Ironically, the dream “to make America great again” became the tagline of American President Donald Trump as well, while he was seeking the mandate for presidency. “We are a rich country of poor people,” Putin once said, speaking of his “pride in the fatherland”, as he advocated for a strong state as “the guarantee of order, the initiator and main driving force for change”. Somehow, Prime Minister Narendra Modi, in seeking to make a “New India” and pushing his agenda of majoritarian nationalism strikes a chord with Putin.

Even if we choose to make light of the fact that just a month after Prime Minister’s visit to Moscow in June last year, China’s warships engaged in the first-ever joint war games with the Russian fleet in the Baltic Sea and even lighter of the fact that in the same month, Chinese President Xi Jinping visited Moscow where Putin decorated him with the Order of St Andrew, Russia’s highest state award, the reality is that India fares poorly, as compared with the depth of Russia’s bilateral relationship with China. At the same time, India is veering away from Russia and getting supplanted by the US, the pious platitudes sung in favour of ‘eternal’ Indo-Russia friendship notwithstanding.

As it stands today, with Trump smarting under allegations of Russian influence in the presidential polls and the subsequent US actions against Russia, added to the Western sanctions imposed on it, Russia perhaps needs China more than China needs Russia to stand firm against a unipolar global order, led by America and a united Europe overseen by the EU. Russia’s relationship with China, according to Chinese President Xi Jinping, is at the “best level in history”. Xi has visited Moscow more often than any other capital since coming to power in 2012. For India, the real threat is a durable Russo-Chinese-Pak entente which, by the nature of its origin, is dark and insidious. And it happened during the reign of Vladimir Putin.

Russia’s decision to hold its first-ever joint military exercise with Pakistan, days after the Uri terror strike, which left 19 Indian soldiers dead, with Putin at the helm, rankled India to no end. It was brushed under the carpet and the Russians tried to justify it by saying that the “exercise was meant to help Pakistan deal with terrorism”. Actually, Russia’s relations with Pakistan have been looking up since the early 2000s. Observers point out how Russia was acting in tandem with China to promote Pakistan’s ambitions in Afghanistan.

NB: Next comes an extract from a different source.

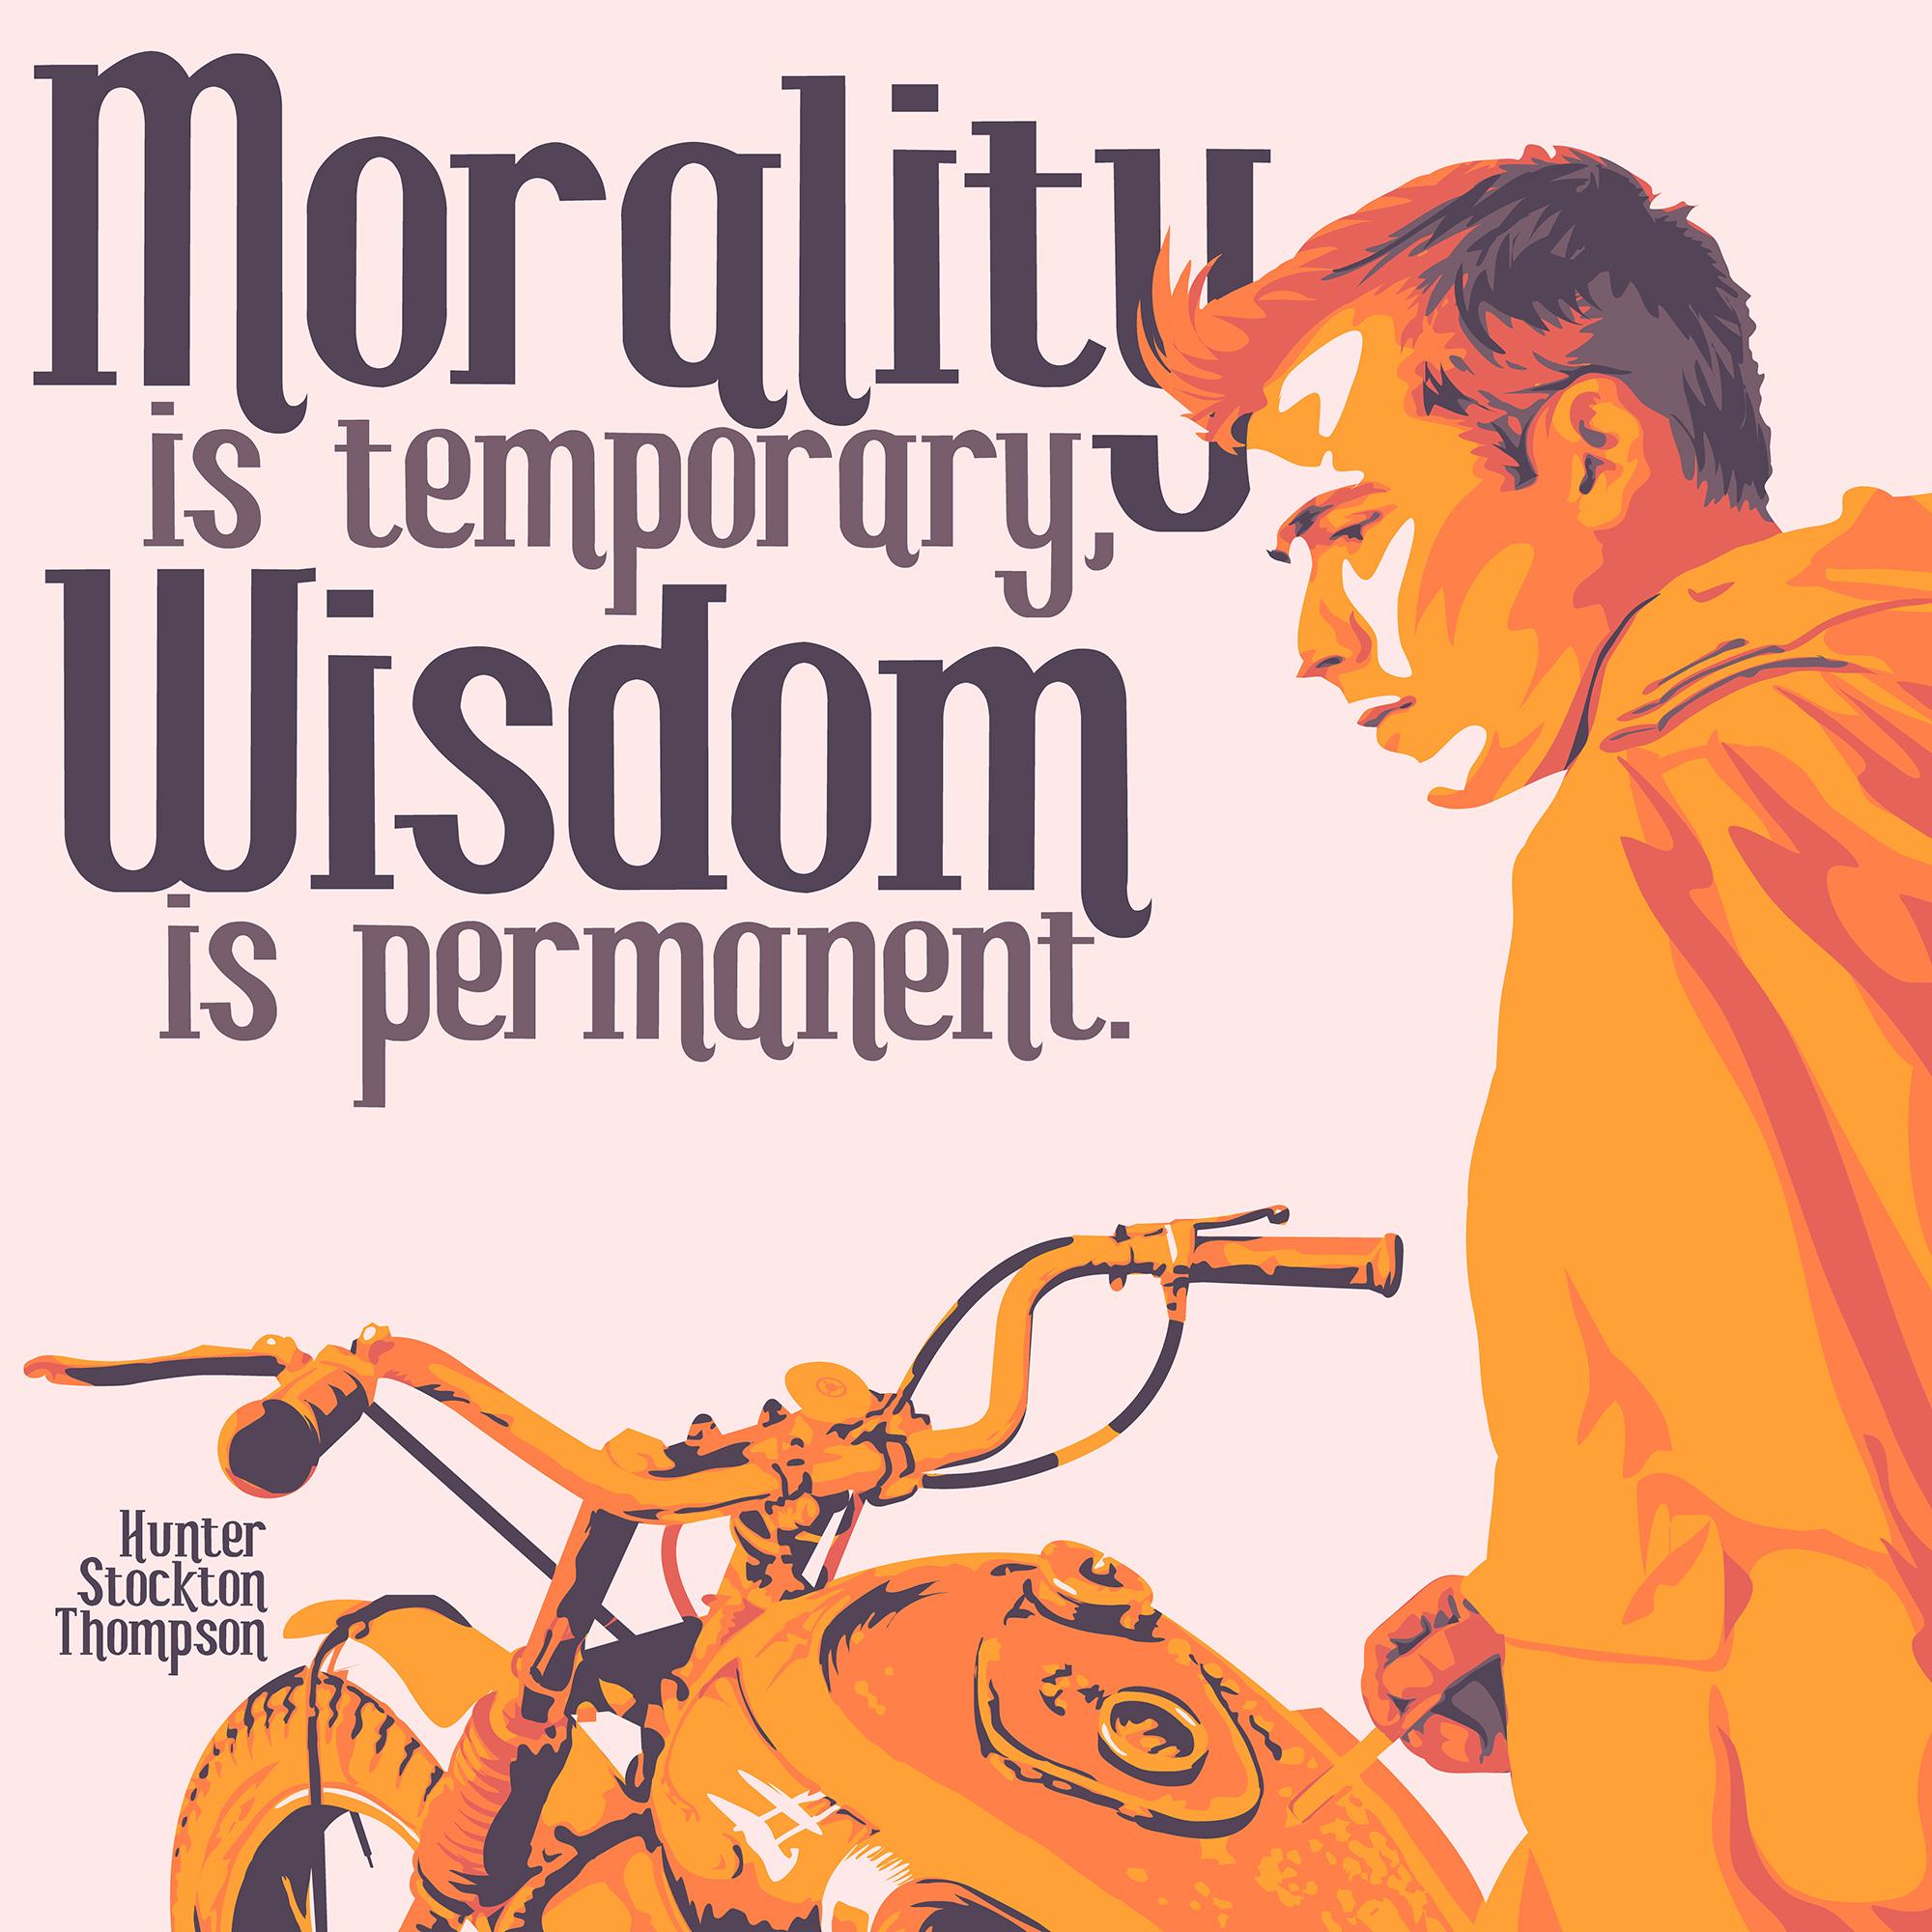 """Morality is temporary. Wisdom is permanent."" – Hunter Stockton Thompson [2000×2000] [OC] [OS]"

Take two issues that remain sensitive to India’s interests. First, is the emotive issue of India’s admission into the Nuclear Suppliers Group (NSG), steadfastly opposed by China on an exclusionary ground which by extension means the admission of Pakistan. Russia’s apparently unstinted support for India’s membership was later qualified by Russian Foreign Minister Sergey Lavrov, echoing China, by implicitly linking India’s membership of the NSG to that of Pakistan. And the other one was his insinuation to New Delhi to find ways to “benefit from” the Chinese-sponsored Belt and Road Initiative (OBOR), coursing through Pakistan Occupied Kashmir (PoK). That it remained central to India’s territorial claims was lost on him. By supporting the China-Pakistan Economic Corridor (CPEC) through internationally disputed territory and engaging with the Pakistan-backed Taliban, Russia made common cause with India’s regional adversaries.

In the alchemy of shifting strands in the geopolitical affairs, the new Russia under Putin might not find an India ready to lend a shoulder to it in its fight against American power and hegemony, particularly in Asia. During his visit to New Delhi in 1998, Yevgeny Primakov, the then prime minister of Russia, had suggested the possibility of building a ‘strategic triangle’ between Russia, India, and China, as a “viable opposition to American supremacy.” Under Putin though, to have China on board with India against the US is now a pipe-dream. Similarly, as the Russian silence on Doklam showed, India cannot have Russia any longer to counter-balance China. Russia is a very different country today than it was in 2000 when Putin first became the president. Putin had set about restoring the legacy of brute Russia. India’s real struggle is to remain relevant in the rapidly changing scheme of things.